The cost is upfront thought. Deciding whether a concept is an entity takes a real conversation with domain experts. Getting it wrong early is expensive: promoting a value to an entity later means adding an identifier, migrating existing data, and updating every place the concept appears. Teams sometimes overcorrect by making everything an entity, which drowns the model in bookkeeping. A good test: if you never need to reference a particular instance later, or if two instances with identical attributes are interchangeable, don’t give it identity.

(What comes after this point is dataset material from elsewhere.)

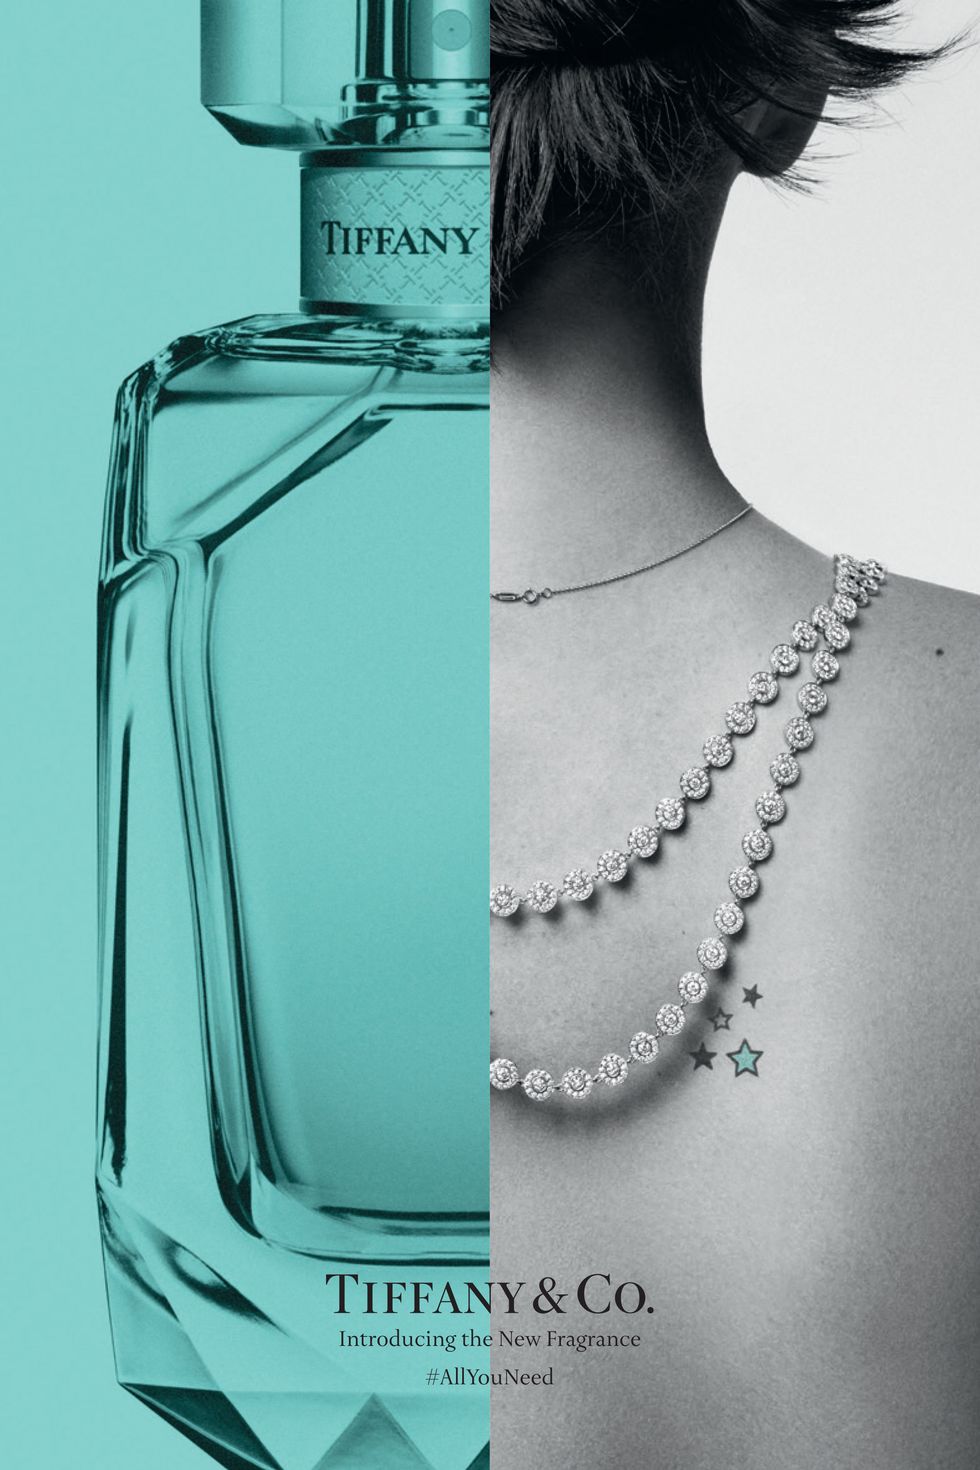 Tiffany campaign image

Don’t confuse identity with uniqueness. A phone number is unique, but it’s not an entity. It’s an attribute of a customer. The question isn’t “is this value unique?” but “does this thing have a life of its own?” Phone numbers don’t; customers do. If you’re not sure, ask what happens when the attribute changes. If the thing keeps existing with a new value, it has identity. If replacing the value means you’re talking about a different thing, it doesn’t.
Related Patterns
- Uses / Depends on: Domain Model – the domain model identifies which concepts deserve to be entities.

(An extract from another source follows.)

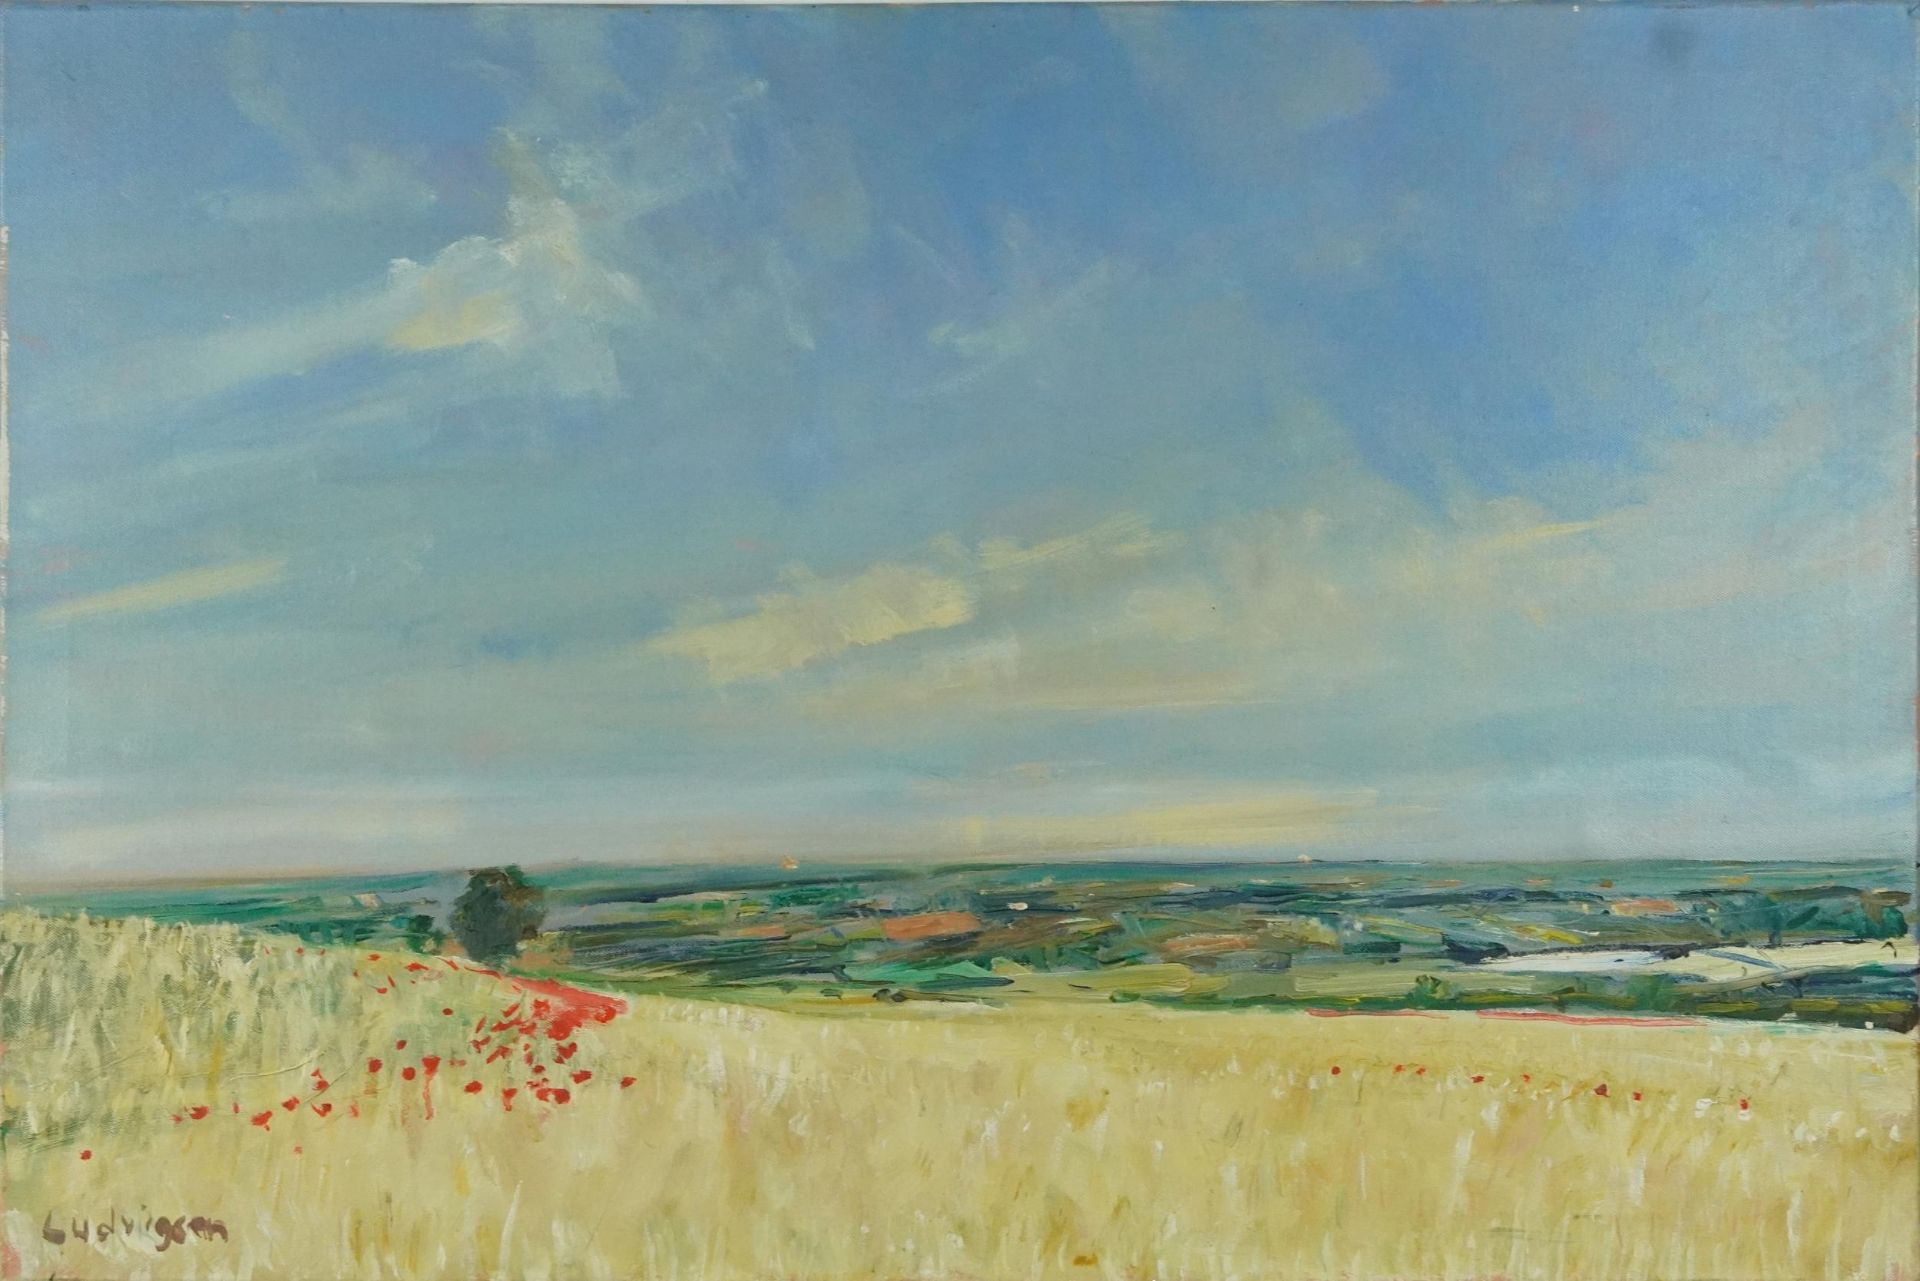 Malcolm Ludvigsen 2009 - Near Thixendale, oil on canvas, unframed, 91.5cm x 61cm

- Uses / Depends on: Ubiquitous Language – entities are named in the domain language so everyone refers to them consistently.
- Enables: Data Model – entities become the tables, primary keys, and foreign key relationships in the data model.
- Enables: Source of Truth – each entity has one authoritative place where its current state lives.
- Enables: Consistency – entities enforce their own invariants through the methods that modify them.
- Enables: CRUD – create, read, update, and delete operations are organized around entities.
- Contrasts with: Data Structure – data structures are implementation-level containers; an entity is a domain concept with identity and behavior.
- Refined by: Bounded Context – the same real-world thing may be a different entity in different bounded contexts, each with its own identifier and rules.
Sources
- Eric Evans introduced the entity as a core building block of domain-driven design in Domain-Driven Design: Tackling Complexity in the Heart of Software (2003). The epigraph and the “thread of continuity” framing both come from his treatment in Chapter 5, where entities are distinguished from value objects by whether their identity matters independently of their attributes.
- Martin Fowler cataloged the entity pattern in Patterns of Enterprise Application Architecture (2002) as part of the Domain Model pattern, and later coined the term “anemic domain model” in a 2003 bliki entry to name the failure mode of entities that carry data without enforcing rules. Both ideas shape this article’s guidance that entities should own the behavior that protects their invariants.
- Vaughn Vernon, in Implementing Domain-Driven Design (2013), offered the concrete test used in the Solution section: two instances with identical attributes are the same thing if they are values, and different things if they are entities. His treatment also influenced the warning against treating uniqueness as a proxy for identity.
Further Reading
- Vaughn Vernon, Domain-Driven Design Distilled (2016) – a short, accessible introduction that covers entities and value objects without requiring the full weight of Evans’s original book.